I have some difficulty in believing in Biden's response, that he presonally believes life begins at conception but doesn't want to force his views on others. To say life begins at conception is a statement that carries a lot of weight; it means we effectively have ~800k murders in the US annually. It does not make much if any sense to accept this as true and then effectively say he's personally opposed to killing but doesn't want to force his opinion on anyone. Perhaps it may be possible to genuinely hold the opinions Biden's record shows on abortion and think that he is taking the best path to reducing it by enacting progressive economic policies, though I've always thought this is a little dumb too (like wouldn't outlawing it be the thing to do that would most drastically reduce the number of abortions....). There may be someone on the street somewhere who could be a faithful Catholic and believe this but I have trouble believing many hold this view, especially those in politics. Biden also didn't say that either. He started off talking about social justice (which had no apparent connection to the question whatsoever or at least none Biden stated) and then said we can't legislate morality. It sounded like "we can't legislate morality" combined with "we have a moral duty to help the poor".

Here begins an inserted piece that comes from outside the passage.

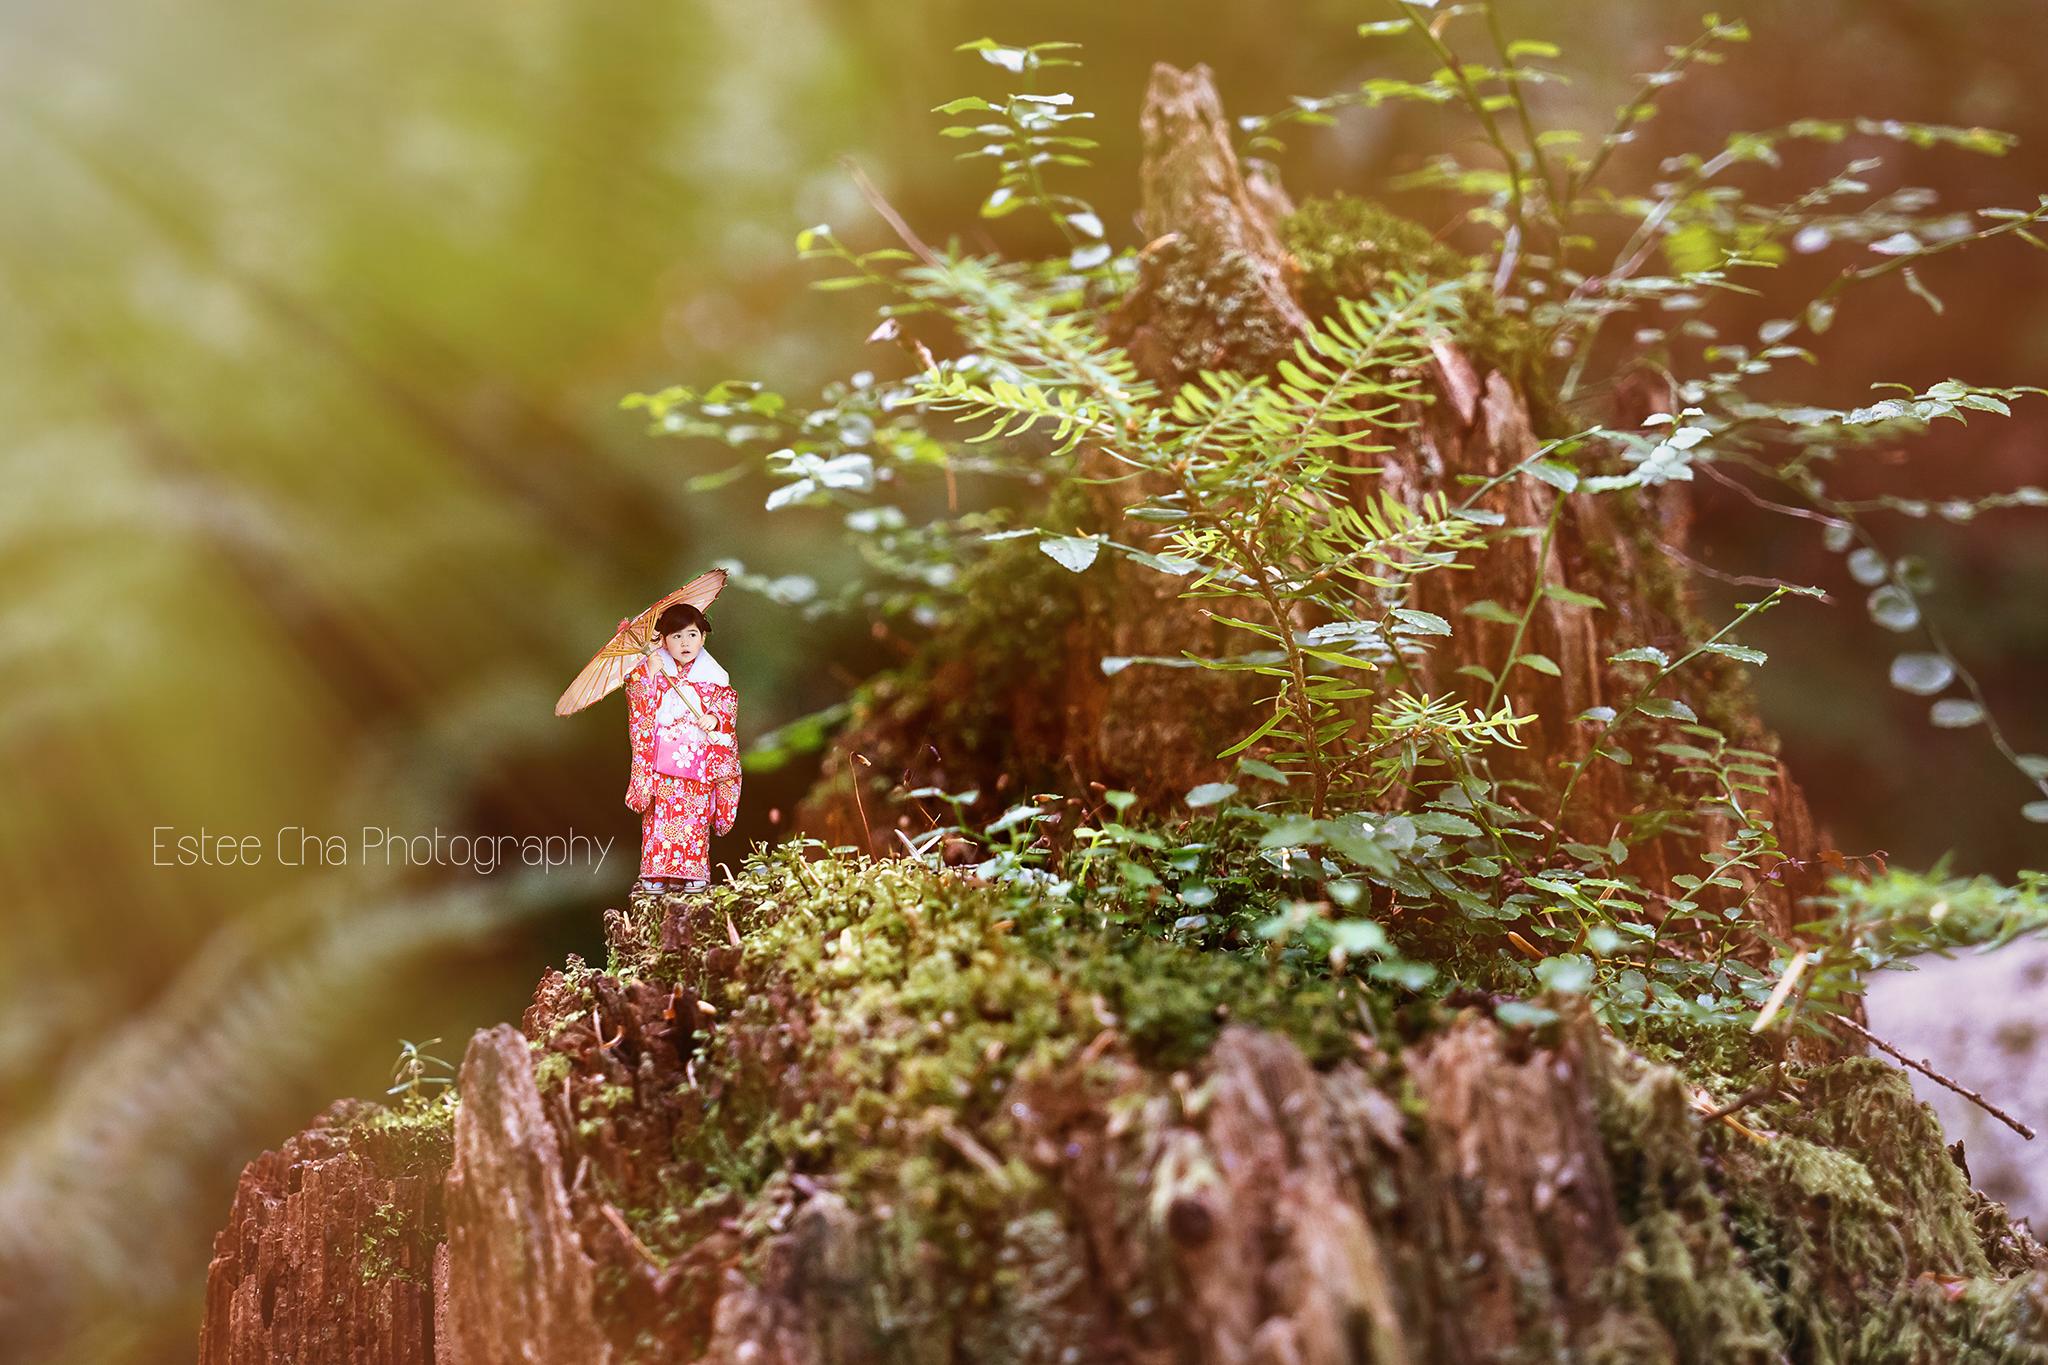 ©Estee Cha Photography

Of course life begins at conception.  What a silly thing to argue about.  The sperm and ovum unite through fertilization, creating a zygote that will implant in the uterine wall.  That is how human life begins.  For flowers, mullosks, trees, and algae, the details are different, but there's a moment that sets the ball rolling and that moment begins the life.

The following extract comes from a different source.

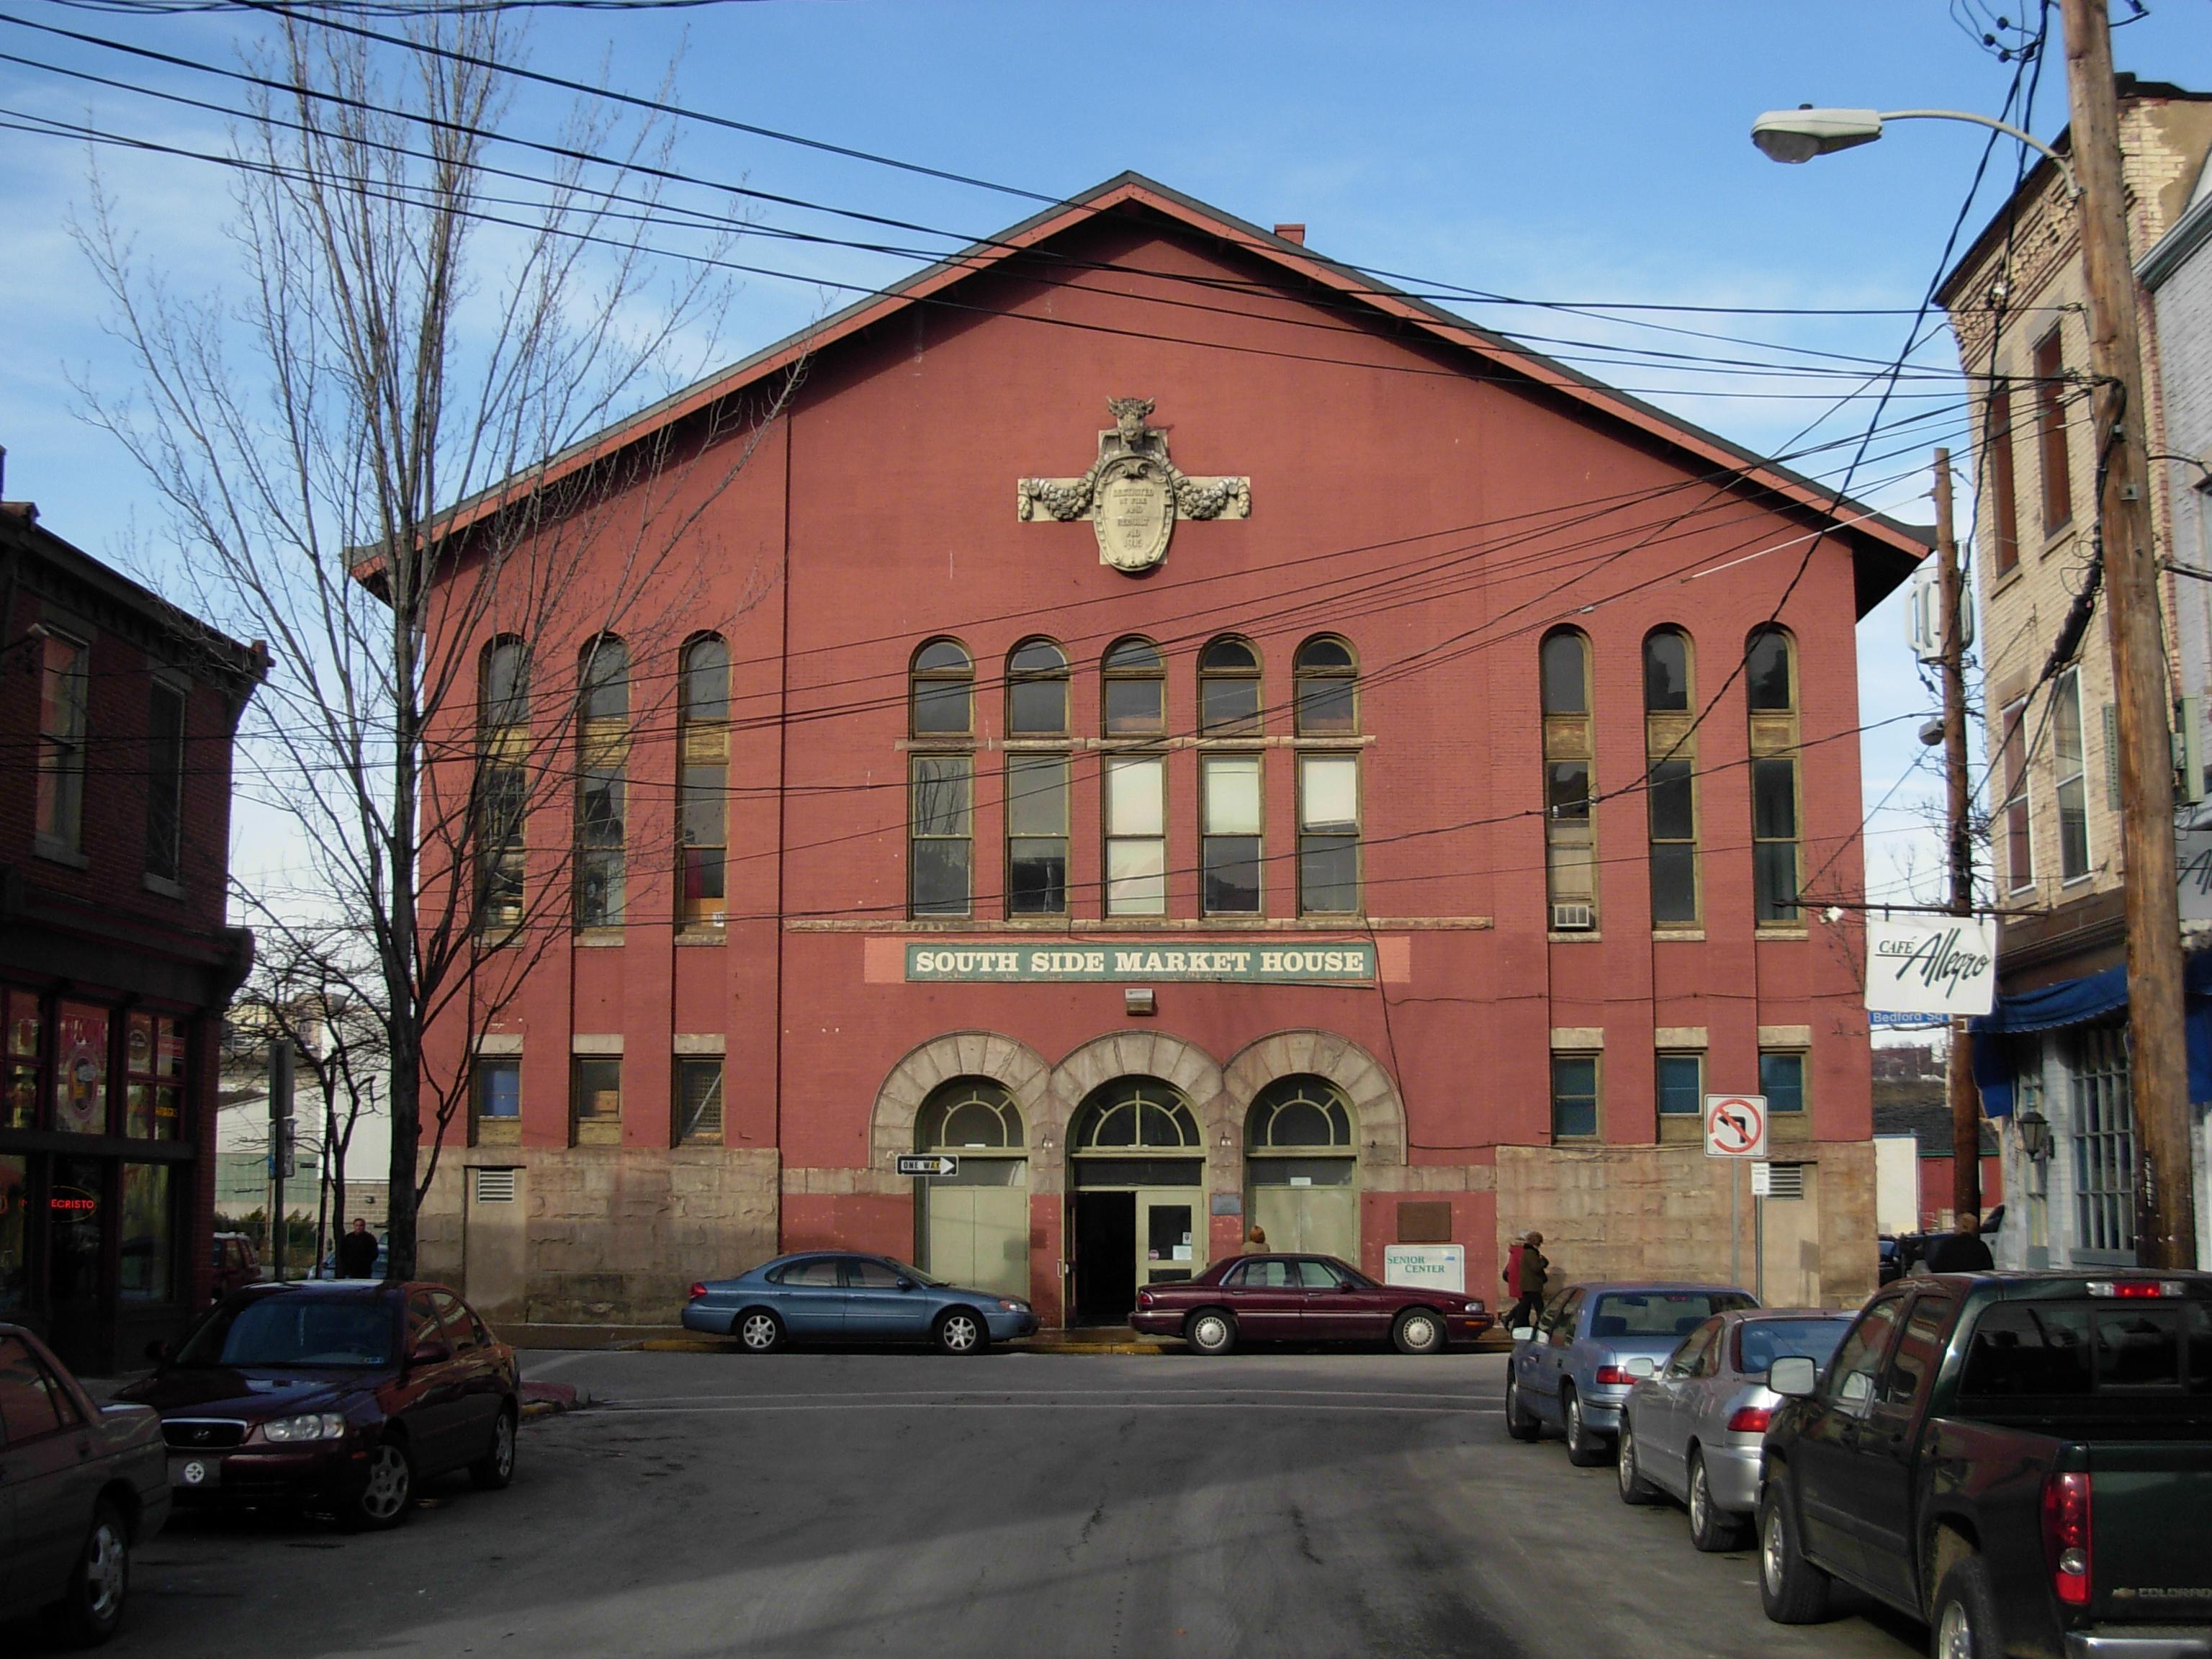 File:South Side Market House in Pittsburgh.JPG - Wikimedia ...

It's a little disingenuous to pretend that this should affect fertilization policy.  It'd be one thing if we really had some deep-rooted societal objection to killing, but that is demonstrably not the case.  Our nation was born of a violent and illegal insurrection, and we've been killing each other ever since.   We sentence people to capital punishment, we send our own sons and daughters to die on the desert sands in order to further our economic interests, and we regularly acquit those who kill in the name of self defense.  Even Paul Ryan himself, who, like Joe Biden, claims that life begins at conception, offers rape as a legitimate circumstance under which a life might be aborted.  Does that embryo know that it was the product of rape?  Does mitosis happen differently when the genetic material came from a stranger rather than a friend?  Of course not.  If you look deep enough, you can find inconsistencies everywhere, but to get hung up on a question such as "when does life begin?" is like putting the horse after the cart. 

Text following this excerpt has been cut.